But microcausality presupposes a quantum field theory, and cannot be expressed in multiparticle quantum mechanics, while cluster decomposition can, and is realized in the standard nonrelativistic treatment. The latter is Keister and Polizou's starting point, and they show that relativity can be consistently combined with this, though in a somewhat clumsy way.

What Keister and Polizou do is probably equivalent to a local field theory. But this is far from easy to see, and proving it would be a significant achievement. Klink's work (referred to in the link to my theoretical physics FAQ given above) is quite interesting in this respect, but only a first step in this direction.

It is a consequence of microcausality - this is Weinberg's starting point, and as mentioned he erroneously claimed in his book that this is the only way to satisfy cluster decomposition.

That would be very strange, since microcausality doesn't guarantee cluster decomposition in field theory(it seems the presentation of Chap 4.4 of Weinberg makes the argument independent of field theory context), and Weinberg did not claim that as far as I can remember. To implement cluster decomposition, as Weinberg argues, we need a nontrivial condition imposed on Hamiltonian: the coefficients of the momentum space creation/annihilation operator expansion of Hamiltonian must contain one and only one delta function that conserves the overall 3-momentum.(c.f. chap 4.4, page 182-183)

I corrected my statement. Weinberg's condition on the Hamiltonian is just that the field theory is local!

If one does not impose any condition on a quantum field, then microcausality implies nothing of physical relevance: The fact that the bare fields commute at large space-time separation means nothing since they are unobservable theoretical constructs. The observables at large separation are the dressed (renormalized) fields, and these are no longer local (as one can see from their 2-point functions, the renormalized propagators).

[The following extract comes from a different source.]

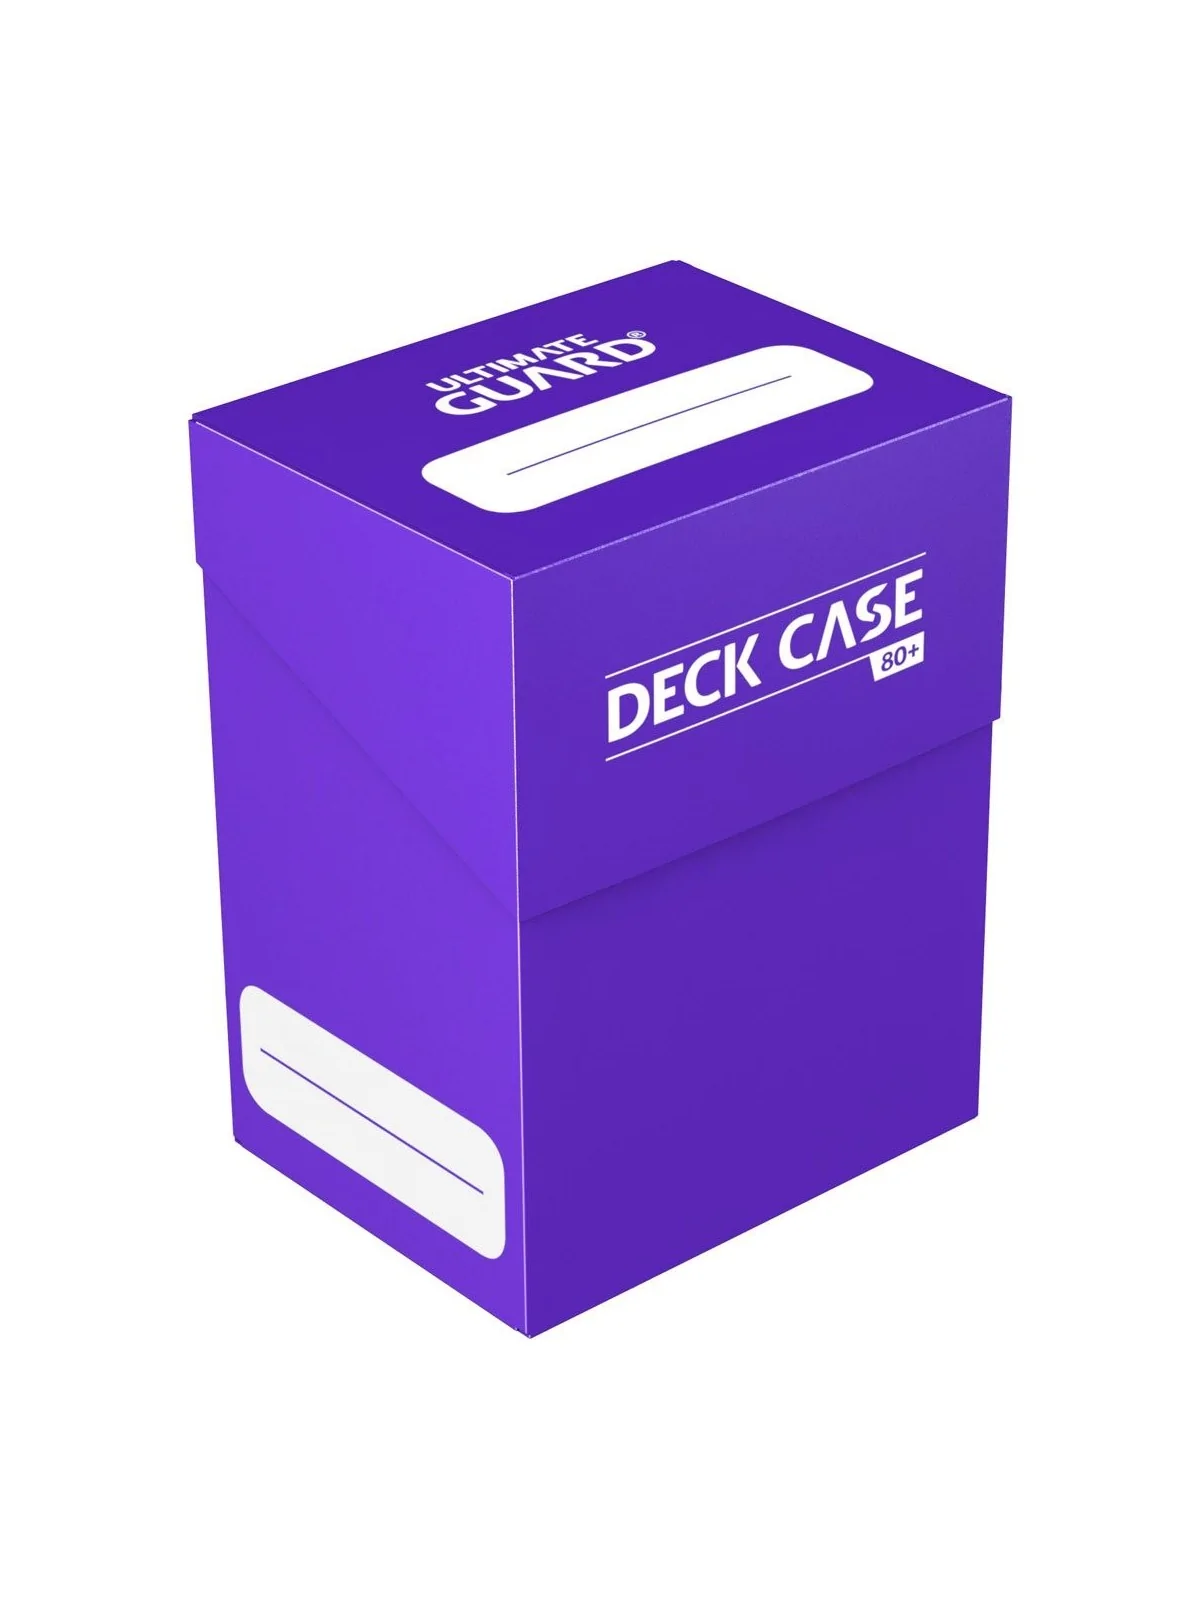 Comprar Ultimate Guard Deck Case Tamaño Estandar 80+ Violeta barato al
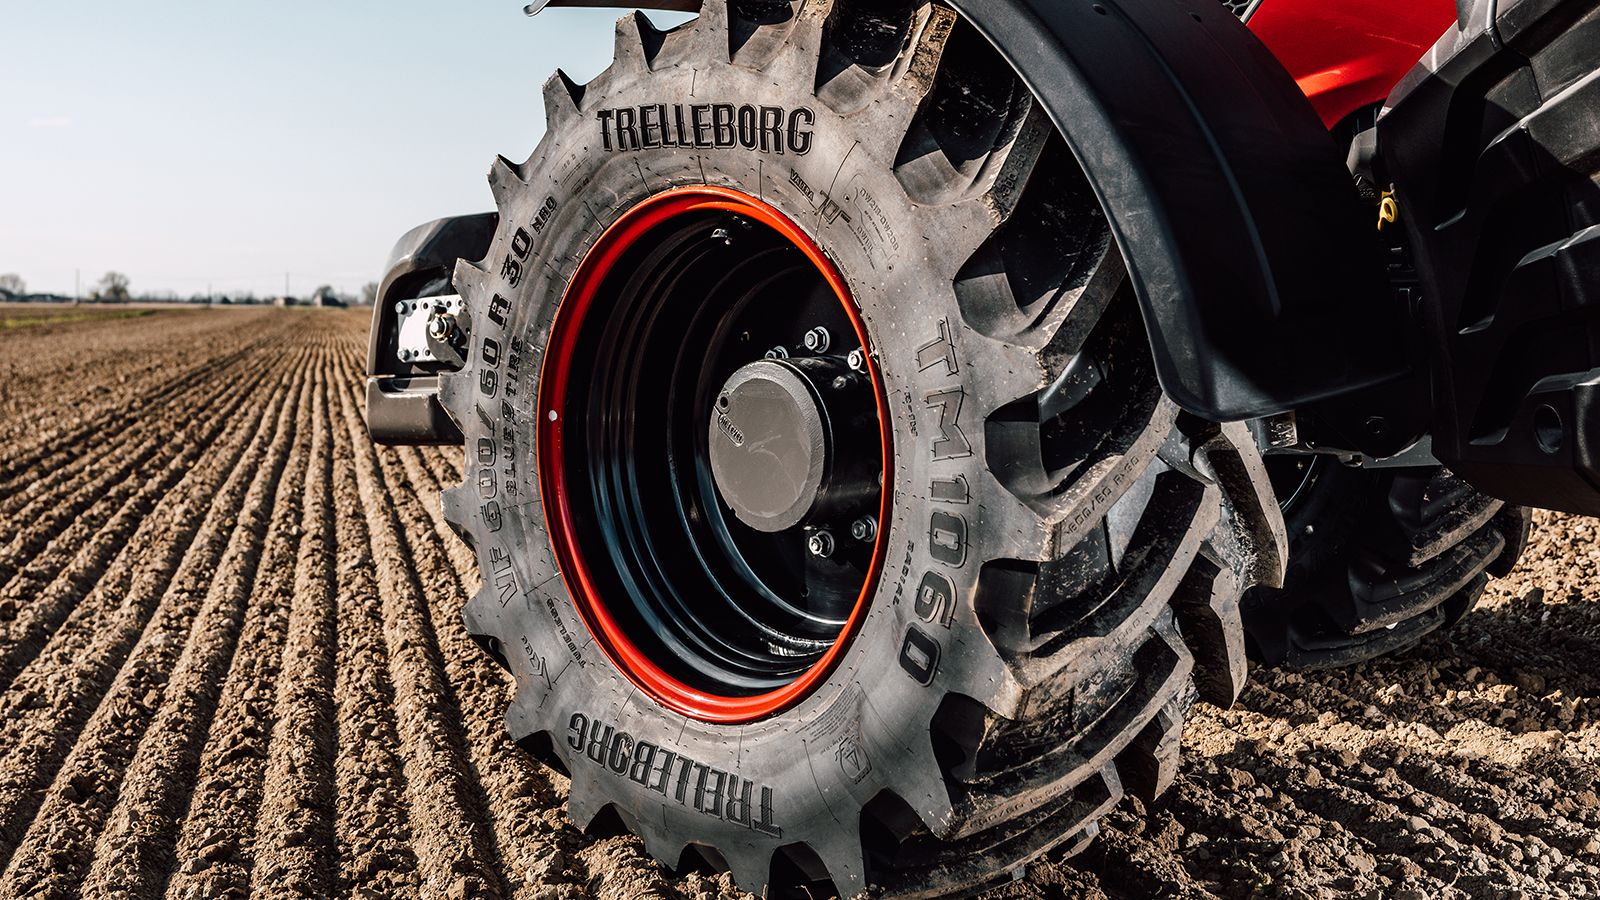 Τη σουηδική εταιρεία Trelleborg Wheel Systems Holding AB (TWS) που ειδικεύεται στα ελαστικά για γεωργικά και βιομηχανικά μηχανήματα , ανακοίνωσε πως εξαγοράζει η Yokohama Rubber, της οποίας τα ελαστικ

The fact that the bare fields commute at large space-time separation means nothing since they are unobservable theoretical constructs. The observables at large separation are the dressed (renormalized) fields, and these are no longer local (as one can see from their 2-point functions, the renormalized propagators).

What do you mean by "local" here? If the bare fields commute, wouldn't the renormalized fields also commute since they only differ from bare fields multiplicatively? And how can I see the renormalized propagator (of the form $\frac{1}{p^2-m^2+M(p^2)}$  after field strength renormalization) has any implication on locality? 

The multiplication factor is only the lowest order term of the renormalized field. (For example, composite renormalized fields have $Z=0$ but are true physical fields, just without a single particle contribution.)

The renormalized propagator is the Fourier transform of the correlation function of the renormalized field. I thought that for a local field, it must have the form $(p^2-m^2)^{-1}$, but now I recognize that this is the condition for satisfying a second-order field equation, and not for locality. I'll need to think more about how to recognize nonlocality; it seems to be less straightforward than I thought.

Unfortunately, all this stuff is nowhere properly discussed, so I can't point to a good source....

The multiplication factor is only the lowest order term of the renormalized field. 

Not sure if there's any miscommunication, but isn't renormalized fields defined to only differ from bare fields multiplicatively?

This is difficult to tell as only asymptotic matrix elements survive in the conventional approach and the fields disappear (apart from the free fields used in Wick's theorem). At the present stage of knowledge, the renormalization limit is mathematically too ill-defined to say what the renormalized field is - but it is known that renormalized fields and bare fields live in different Hilbert spaces, so expressing one in terms of the other is strictly speaking impossible. Maybe upon further reflection I can find a plausible story to tell that is not too false; but this may take time....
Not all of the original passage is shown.